In 1028, he and his mother seized the throne, while Sergius and John fled to Constantinople. This was probably at the instigation of his uncle Pandulf. In 1029, John, but not Sergius, returned and reasserted his authority, deposing Manso and Maria. In April or May 1034, John was forced to flee Amalfi again for Naples and Manso and Maria retook the throne with the support of Pandulf. Maria took the titles ducissa et patricissa, but Manso received no titles from Byzantium: clearly, they had aligned themselves with the Lombards and not the Greeks.

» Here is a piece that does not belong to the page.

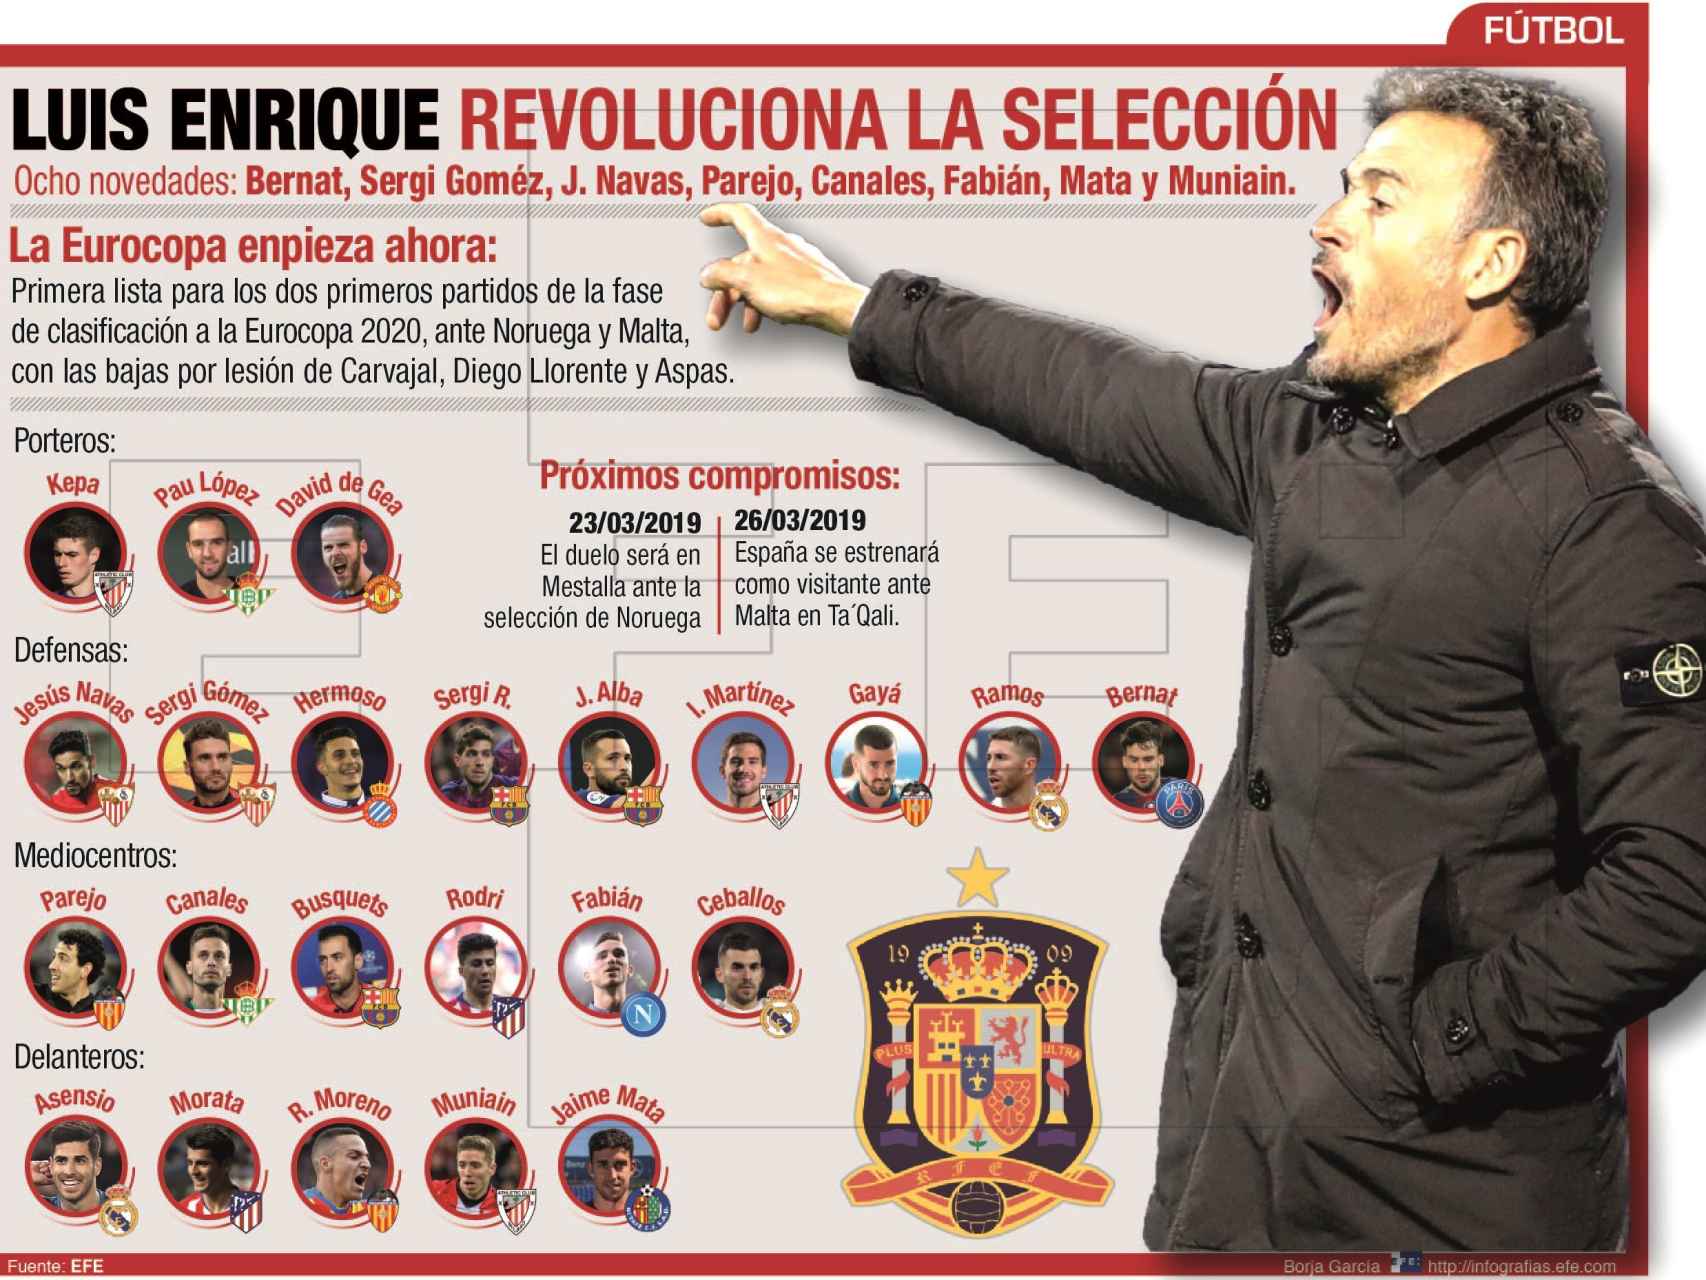 La revolución de Luis Enrique en la Selección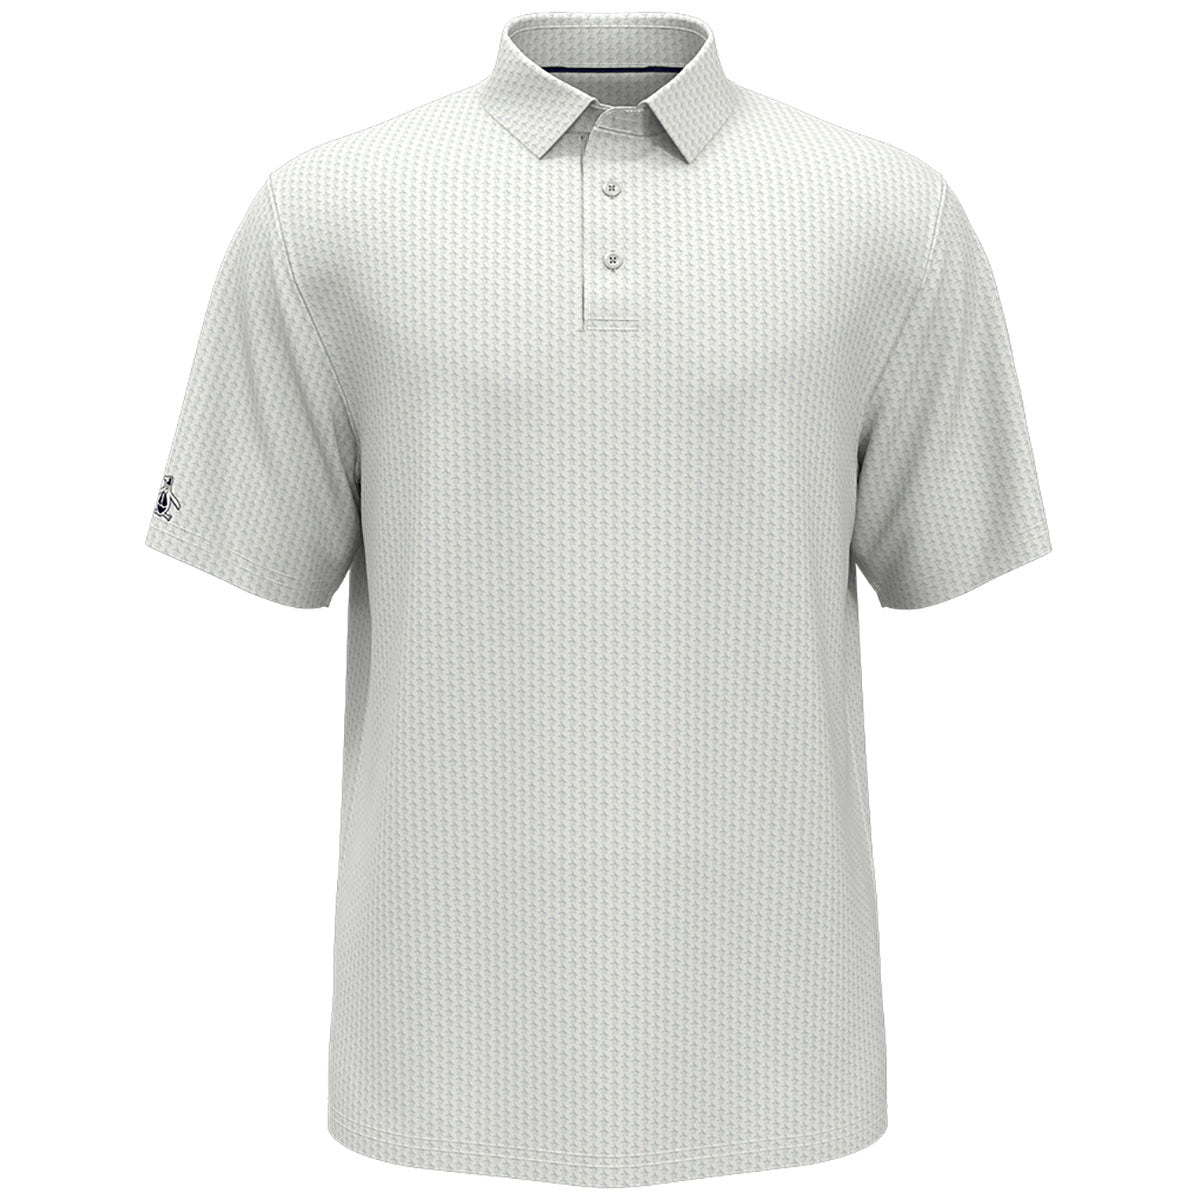 Original Penguin Men's Polo Shirt Size XLT Short Sleeve White

In 1038, the Holy Roman Emperor Conrad II deposed Pandulf and John was able to return to Amalfi. He blinded Manso and exiled him to the island of Sirenuse, with the support of Maria, whom he allowed to co-reign. The cruelty of this act turned the citizenry against the duke and duchess and, in April 1039, they ousted John and Maria and accepted Guaimar IV of Salerno as duke. Guaimar appointed Manso to act as duke in 1040 or 1043, under Salernitan suzerainty. Manso named his son after Guaimar and appointed him co-duke in 1047. In 1052, the Amalfitans, who loved Manso, rebelled nevertheless over the burden of Salernitan taxation. John was able to seize power again.

In addition to his son Guaimar, he had a son named Manso, who in turn had a son named Manso, who married a Gaitelgrima and had a son named John. Either one of these may be the viceduke Manso known only from coins of the period. He may have had a daughter who married Ranulf Drengot.